Меня поражали терпение  и мужество Сергея. Я никогда не слышал от него ни стона, ни жалобы, но чувствовал, что он страдает. Ночью я просыпался   и видел, как Серёжа делал сам себе профилактические перевязки. Как промывал, что-то на шее, как продувал с помощью компрессора свои трубки и шланги…
Смотреть на всё это было тяжело. Я ловил себя на мысли, что невольно отвожу взгляд, когда приходилось присутствовать при процедуре перевязок или  «приёма  пищи» Сергеем. Иначе это и не назовёшь. Мы - нормально кушающие пациенты клиники, ходили в столовую и обедали там или приносили из столовой какую-то часть съедобной еды, добавляли свои, принесённые родными, продукты и ели. Ели нормальным образом: ложками и вилками из тарелок, мисок и чашек.  Сергей же и другие больные с аналогичными операциями ели иным, особым способом. Для таких пациентов в столовой был особый котёл с жидкой пищей. Это были бульоны и жидкие каши. Им еще выдавалось по одному сырому яйцу в обед. Принеся всё это в палату, Сергей добавлял в бульон что-то ещё, перемешивал и засасывал эту жидкую пищу в специальный большой шприц, ёмкостью примерно 200-250 грамм. Затем он, отвернувшись к окну, выдавливал из шприца еду в одну из трубок, укрепленную на голове и введённую в пищевод. Таким оригинальным способом Сергей ел и пил.
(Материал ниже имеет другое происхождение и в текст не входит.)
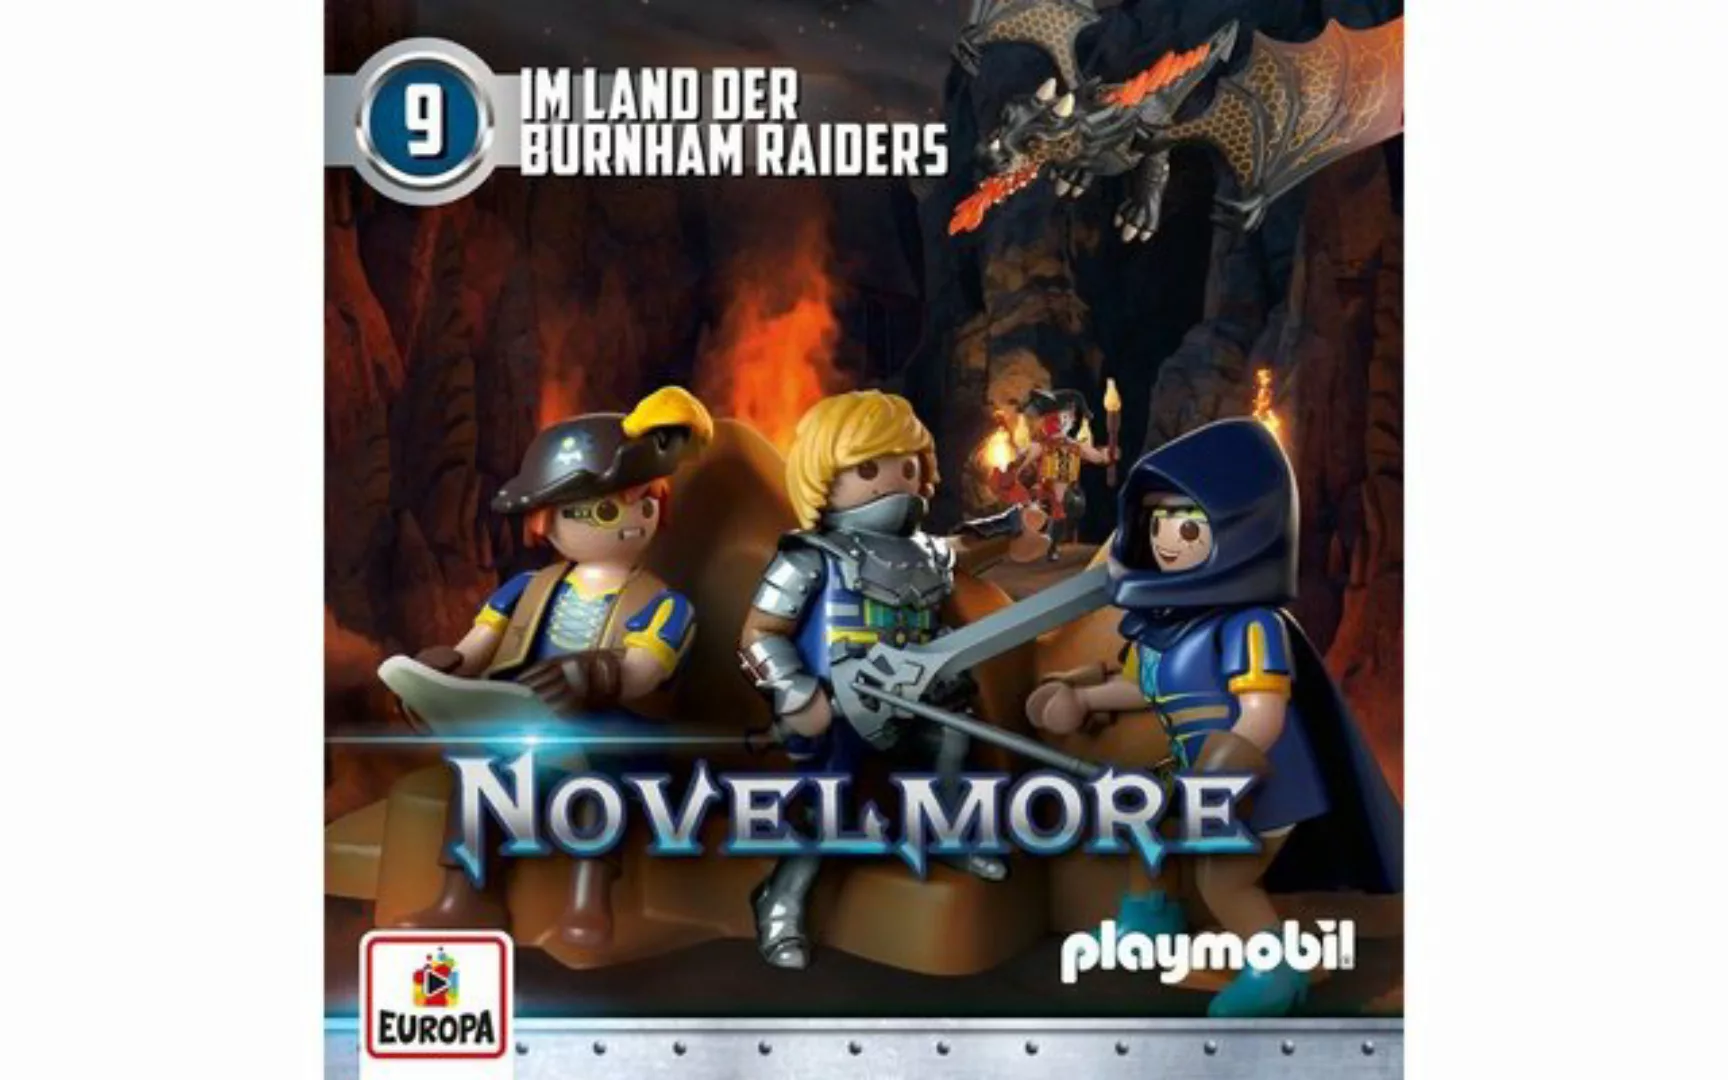 Europa Hörspiel-CD Playmobil Novelmore F.09 - Im Land der Burnham Raiders günstig online kaufen

Через месяц пребывания в клинике меня выписали. За это время почти все пациенты нашей палаты заменились. Поступили новые больные. Из «старожилов» остался только Сергей. Примерно через неделю я приехал к хирургу для снятия швов. Зашёл в палату и увидел Сергея. Он был очень рад моему появлению. Выглядел он лучше. Часть трубок с него сняли. Мы поговорили всё тем же способом: я говорил – он слушал и кивал головой, а когда ему надо было что-то сказать мне – он писал в блокноте, а я читал.
Спустя ещё несколько дней, приехав на последнее снятие швов с моей многострадальной шеи, поднимаясь по лестнице на 4 этаж в наше отделение, я встретил Сергея. Он спускался с вещами на выписку. Теперь Серёжа мог говорить, закрывая на выдохе отверстие, выведенное в нижней части горла. Мы немного поговорили. Сергей рассказал, что на 2 месяца его выписали домой. А потом – очередной этап лечения здесь же.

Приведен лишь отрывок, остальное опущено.